Para acreditar la desgraciada vigencia de Las amistades peligrosas, Carol López, que subirá su adaptación a las tablas del Lliure el jueves 18, cita el caso Epstein. Recuerden: el magnate estadounidense detenido por proveer de carne juvenil a pederastas adinerados. “Este tipo de historias solo pueden surgir en sociedades ociosas”, apunta López. Del ocio al vicio, y del vicio al precipicio (moral). “La novela de Choderlos de Laclos es un retrato desolador de la condición humana. Y sobre todo de una sociedad que condena pero permite, muy hipócrita: somos más prudente que valientes”.

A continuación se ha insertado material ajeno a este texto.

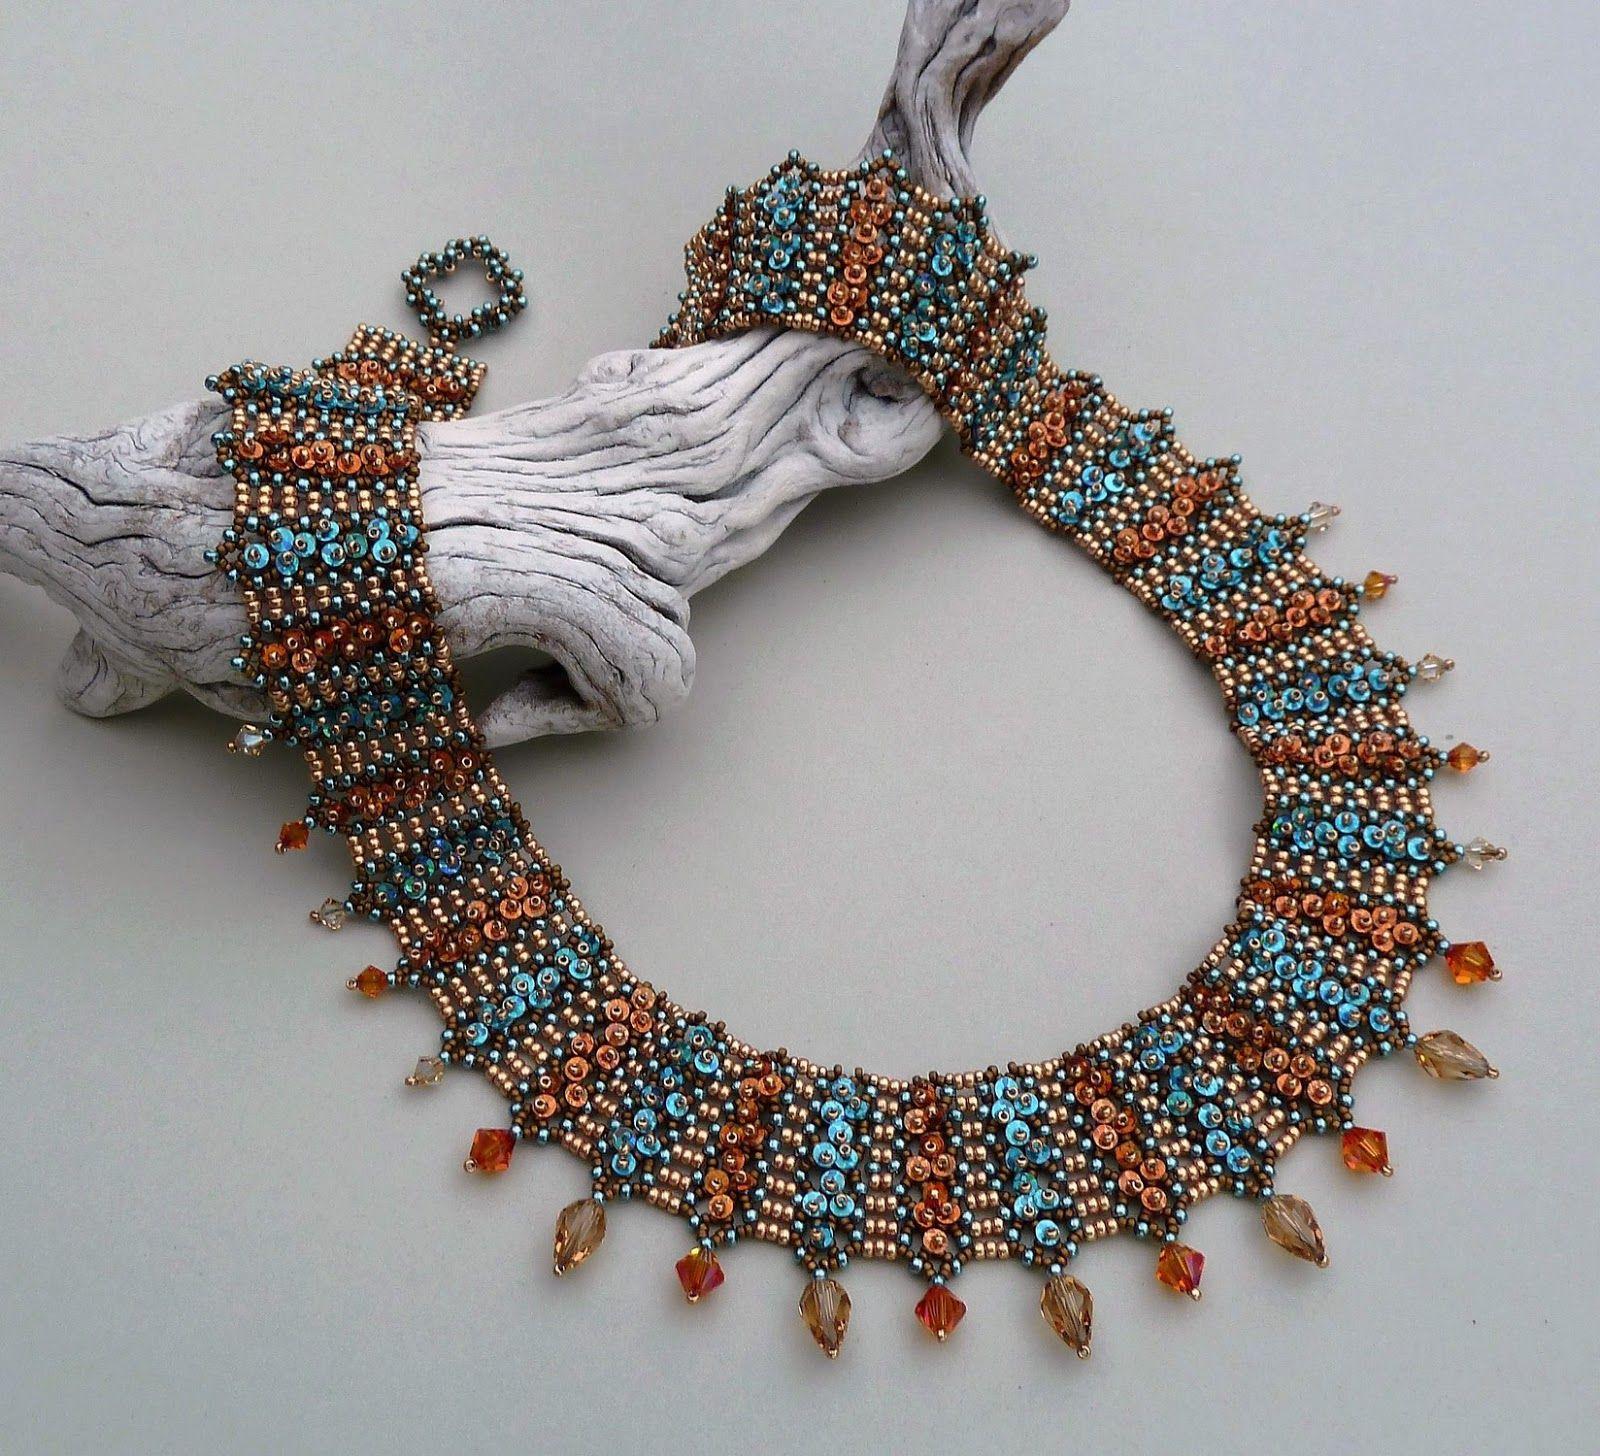 Mariposas treasure chest: Dragonsong   takı   Pinterest   Ketten ...

Choderlos de Laclos construyó su engranaje narrativo a través de la correspondencia cruzada entre la marquesa de Merteuil (Mónica López) y el vizconde de Valmont (Gonzalo Cunill), dos seres amorales que se jactan de sus hazañas en las más diversas alcobas. Aunque su competición, ciertamente, no se libra en igualdad de condiciones, ya que ella, por ser mujer, debe jugar con discreción y sutileza.

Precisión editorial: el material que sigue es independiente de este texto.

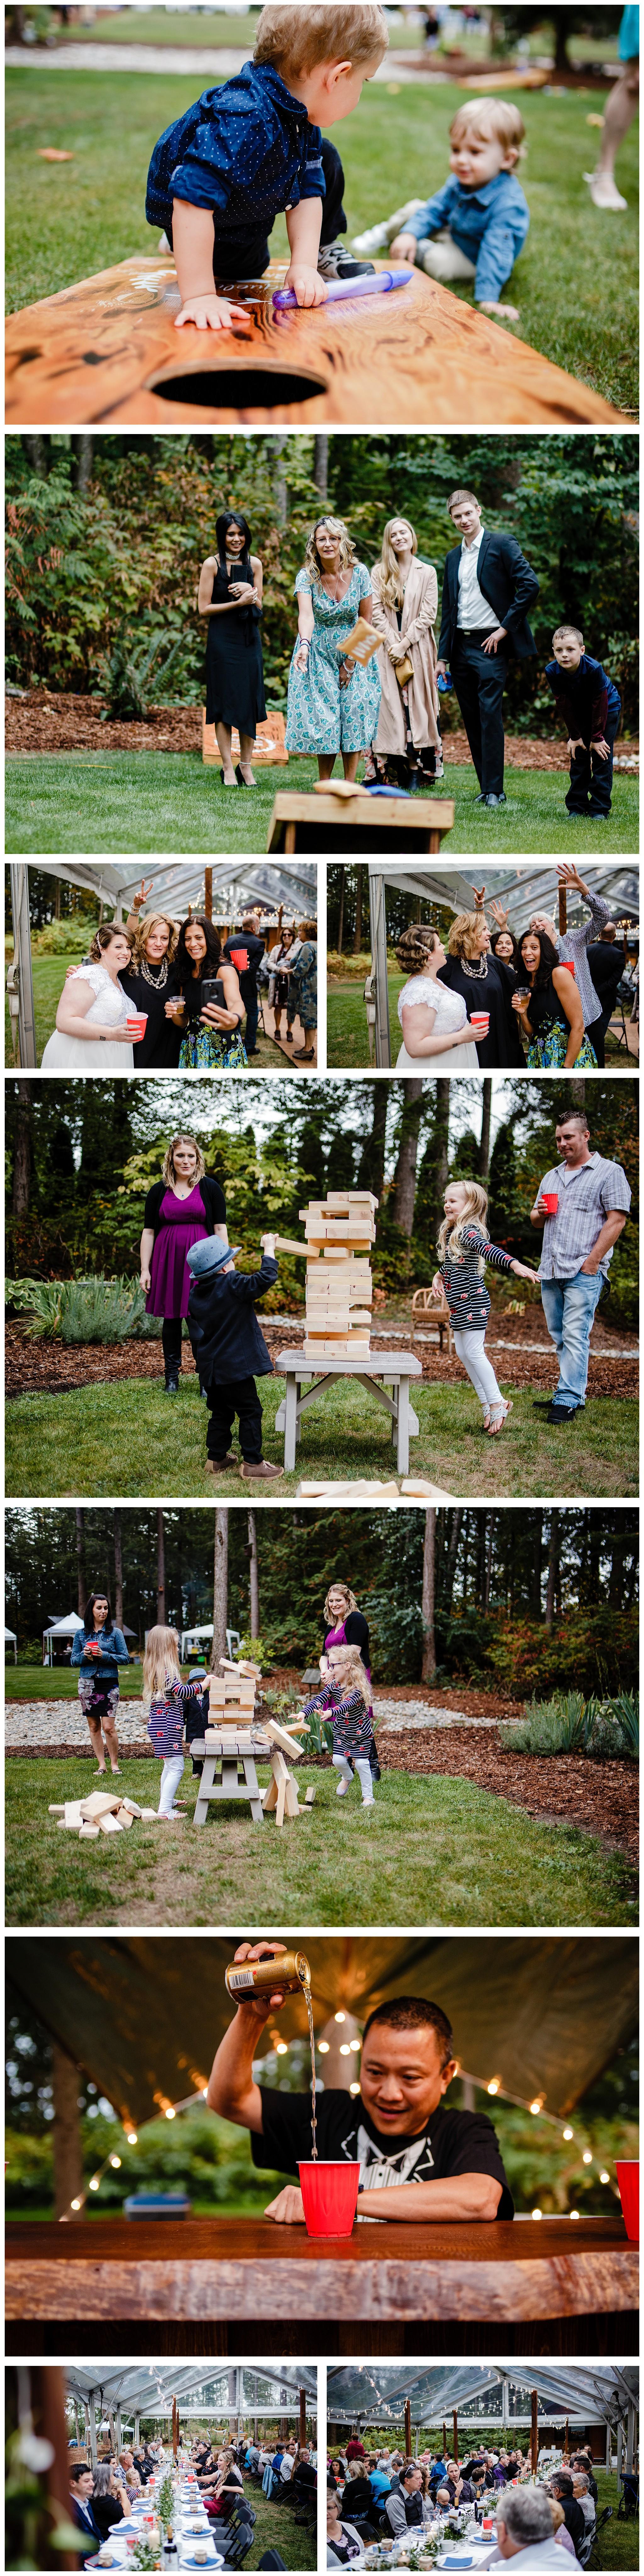 Aldergrove Park Fall Backyard Wedding Photographer Pregnant Bride Tent Outdoor BC Canada Best Wedding Photographer_0044.jpg

' Las amistades peligrosas' / Foto: Silvia Poch

La responsable artística de La Villarroel entre 2010 y 2013 también firma la puesta en escena. Para cristalizarla, ha tenido muy presente la versión cinematográfica de Stephen Frears, de 1988, con aquel reparto de campanillas: Glenn Close, John Malkovich, Michelle Pfeiffer... “Es un peliculón que me marcó, muy teatral por el uso del primer plano. Me ha servido para comprender algunas reacciones de los personajes o para esclarecer algunas dudas”, afirma López, que ha transformado las epístolas en encuentros.

“El peliculón de Stephen Frears me marcó. Y me ha servido para esclarecer algunas dudas”, Carol López

El montaje aspira a la esencialidad. Austero y sin tecnología. Suelo de madera, unas paredes, unas sillas y una chaise longue. A través de este sobrio atrezzo, sumerge al espectador en un salón del siglo XVIII. “No hay pelucas, los hombres llevan corsé, las mujeres, camisas. Aunque sí visten faldas con miriñaques”, aclara la autora de Germanes. En el capítulo musical, prima el eclecticismo, con piezas de Bola de Nieve entre otras muchas.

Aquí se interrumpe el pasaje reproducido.